Therefore, in the method of the present invention, only the information necessary to successively generate test pattern addresses is stored in the sequence information memory as compressed address type sequence information.

This will be explained using FIG. 3, which is a memory configuration diagram of an example of compressed address type order information.

FIG. 3(a) is for the conventional method, and the addresses of the order information correspond one-to-one with the addresses of the test pattern.

On the other hand, FIG. 3(b) is of a compressed address type, and, for example, consecutive order information rNOPJ is represented by a single order information "NOp unti1~".

Therefore, since the memory capacity for this compressed address type sequential information is significantly reduced compared to the conventional method, the sequential information memory should be a small capacity, high-speed memory that can be separated from the test pattern storage memory. Not only high speed but also economy can be obtained.

[Embodiments of the invention]

DESCRIPTION OF THE PREFERRED EMBODIMENTS The implementation of the present invention will be explained below based on the drawings.

FIG. 4 is a system configuration diagram of an embodiment of the test pattern readout control system according to the present invention.

Here, 1 is a pattern memory for storing (storing) test patterns, 2 is an address counter for specifying the address thereof, 3 is an order information memory for storing (storing) order information for reading test patterns, and 4 is a pattern memory for storing (storing) test patterns. , a program counter 5 which specifies the address thereof, according to the read order information, the address counter 2 . A control section 7, which provides various control signals to the program counter 4 and also gives instructions to the loop counter 6 in the case of a loop command, and also controls the entire A comparator 8 compares the operand with the value of the address counter 2 and, if they match, sends a match signal to the control unit 5. A clock generator 8 generates a clock for the overall operation timing. 9 is a circuit under test.

In FIG. 4, only a part of the test pattern and order information of this method are shown as an example, but below:
The ordering information set forth in FIG. 4 will therefore explain its operation.

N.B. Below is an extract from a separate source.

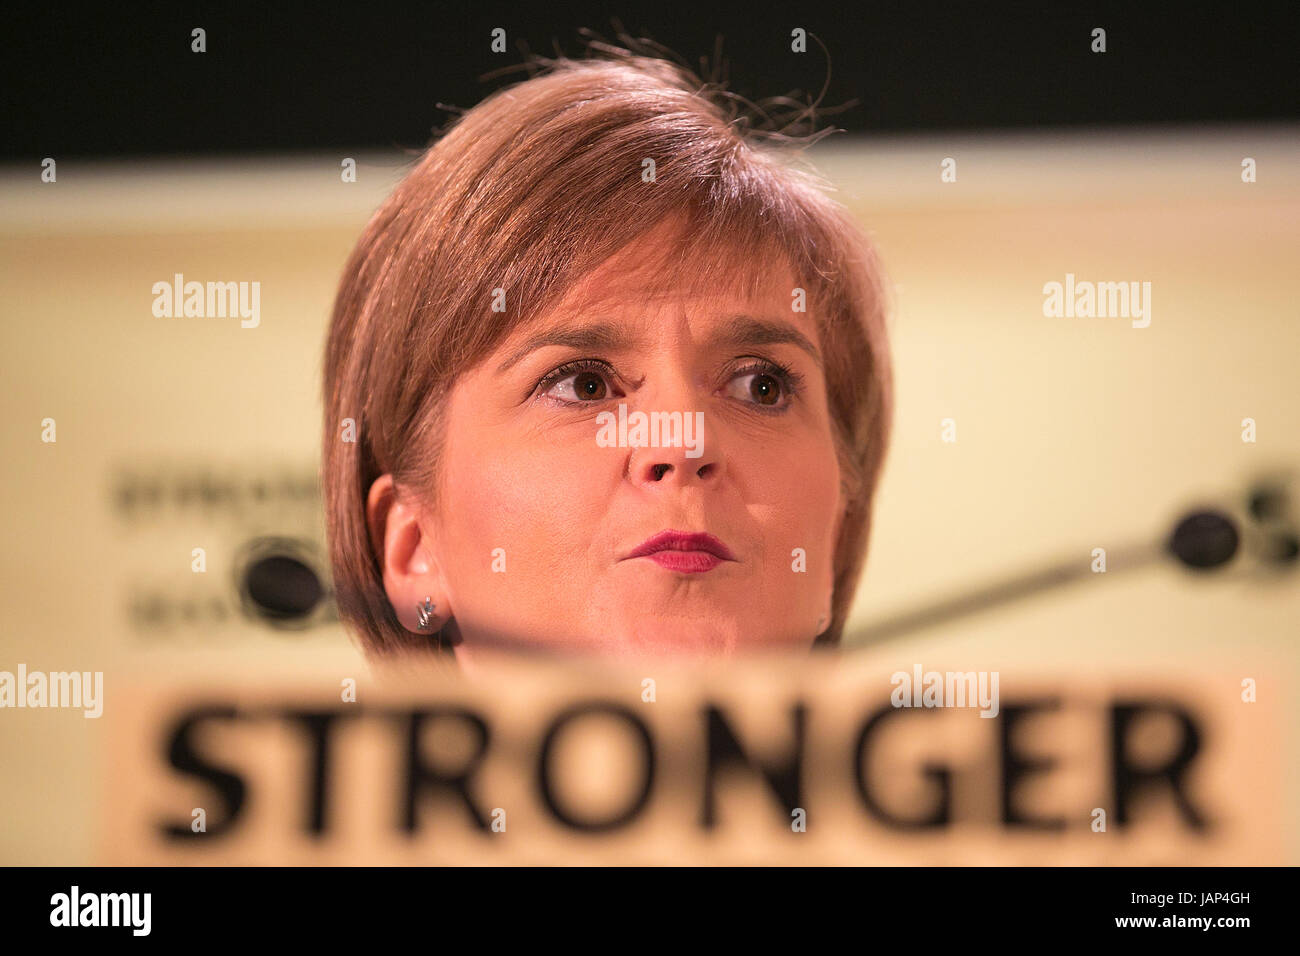 First Minister Nicola Sturgeon of the SNP Stock Photo

First, assume that in the initial state, both the program counter 4 and the address counter 2 indicate address +0.

At this time, the comparator 7 uses its order information rNOPunti
2'', which is the operand of ``l~'', is compared with ``0'', which is the value of the address counter 2, and the controller 5 is notified of the mismatch.

Since the output of the comparator 7 indicates a mismatch, the control unit 5 instructs the program counter 4 to hold the value, and instructs the address counter 2 to perform count amplification.

In this state, the pattern stored at address 0 of pattern memo IJ 1 is read out as a test pattern ("10101001"') and applied to circuit under test 9.

At the next clock, the program counter 4 does not change its value and continues to indicate ≠0 address, and the address counter 2 counts and amplifies and indicates +1 zone.

The comparator 7 uses its order information “NOP until ~
fil + 2 j), which is the operand of J, and ≠1'', which is the value of the address counter 2, and again informs the control unit 5 of the mismatch.

Since the output of the comparator 7 indicates a mismatch, the control unit 5 instructs the program color/return 4 to hold the value again, and instructs the address counter 2 to count up.

In parallel with these operations, a test pattern ("11001010") is read from address +1 of memory 1.

Furthermore, at the next clock, the program counter 4 holds the value and continues to indicate address ≠0, but the address counter 2 counts and amplifies and indicates address ≠2.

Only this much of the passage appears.